As for the BBC – Johnson (or Cummings), will decide who will be the next BBC director-general. They will actively endorse a controversial Conservative-leaning political candidate with threats of vengeance should the BBC attempt to take a stand by considering a liberal-centrist. If they don’t, the Culture secretary Nicky Morgan has used the Daily Mail to warn that the BBC could end up the same way as collapsed video rental firm Blockbuster.
Journalists now accept that Downing street is completely dedicated and is serious to the idea to decriminalise non-payment of the BBC licence fee and review Channel 4’s public service broadcasting obligations. These are clear existential threats to these institutions.
There has been some pushback. On last months ‘Brexit’ night, Downing Street put considerable effort in filming their own video of Boris Johnson’s message to the nation. This was a first for the media who would usually film the event live and ‘pool’ the video between them. The consequence was that the BBC and ITV refused to air the clip on the 10 O’Clock news when ordered as it was little more than propaganda.
“Senior Tories were apoplectic at that decision but accepted that their own attempt to bounce the broadcasters into doing what they wanted had badly backfired.” However, more revenge was to come.
From here, the war against the media has rapidly escalated. Senior journalists are only invited for briefings if they parrot the government line. Others more critical or at least questioning are barred.
Announcements by the BBC of programming cuts are already across the airwaves. Its famous Today programme and Newsnight are facing severe cutbacks. The BBC has already confirmed that its newsroom will lose 450 jobs. In the meantime, ITV’s Good Morning Britain is now boycotted by the government.
Political journalist’s that meet together at Westminister is the called the ‘Lobby’ – but that has now been reorganised by the government to the point of subversion making it deliberately difficult for some journalists to even attend. The government has not bothered responding to a letter sent by the Society of Editors (SoE) asking them to reconsider their actions. The highly publicised walkout last week by journalists was another response to government overreach and its attempt to grip the narrative, which was then condemned by many. Not that it made any difference.
There is now an ‘inner-lobby’ – consisting of people like Laura Kuenssberg and Robert Peston, which only goes to confirm one thing. Parrot the government line or you’re out. The SoE went on to complain that – “this is the latest in a run of problematic media encounters by the new administration” and that “these events confirm the Society’s concerns for press freedom are very real.”
The government have now also insisted that there can be no cabinet minister media visibility except if it has been cleared by Number 10 first. Then they are forcing everyone in departments from the Treasury to the Foreign Office to use a specific and approved form language over Brexit. Patrick Wintour, the diplomatic editor of The Guardian describes this as – “Downing Street is determined that everyone in the department follows its ideological lead in using language that frames Britain’s departure from the European Union as a clean break.” Words like “implementation period”, “no-deal”, “special partnership” and even “Brexit” are no longer allowed – even though Brexit is in an implementation period that is likely to lead to no deal which will end our special partnership with the EU.

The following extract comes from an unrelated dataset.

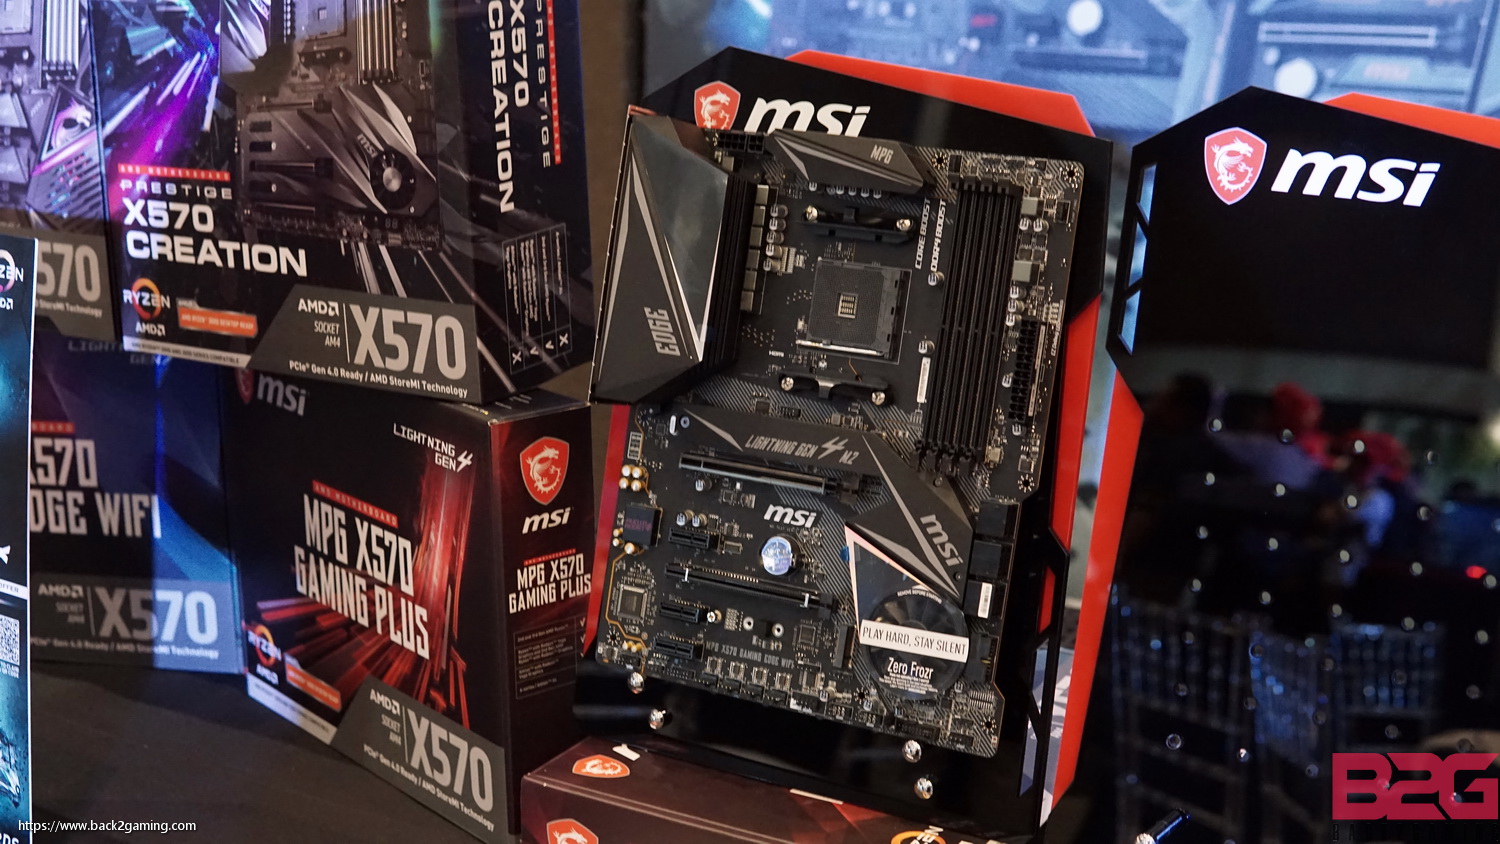 MSI x Discovery Presents eSports: Rise of the King Event Kicks off with Full Line of AMD Products -

In the last World Press Freedom report (2019), the UK was ranked one of the worst Western European countries in the World Press Freedom Index, largely due to a heavy-handed approach towards the press, often in the name of national security. This was in the day of Cameron and May. No doubt, its 2020 report will see the UK in a dramatic fall once again as the government continues its clampdown on criticism and attempting to hold it to account.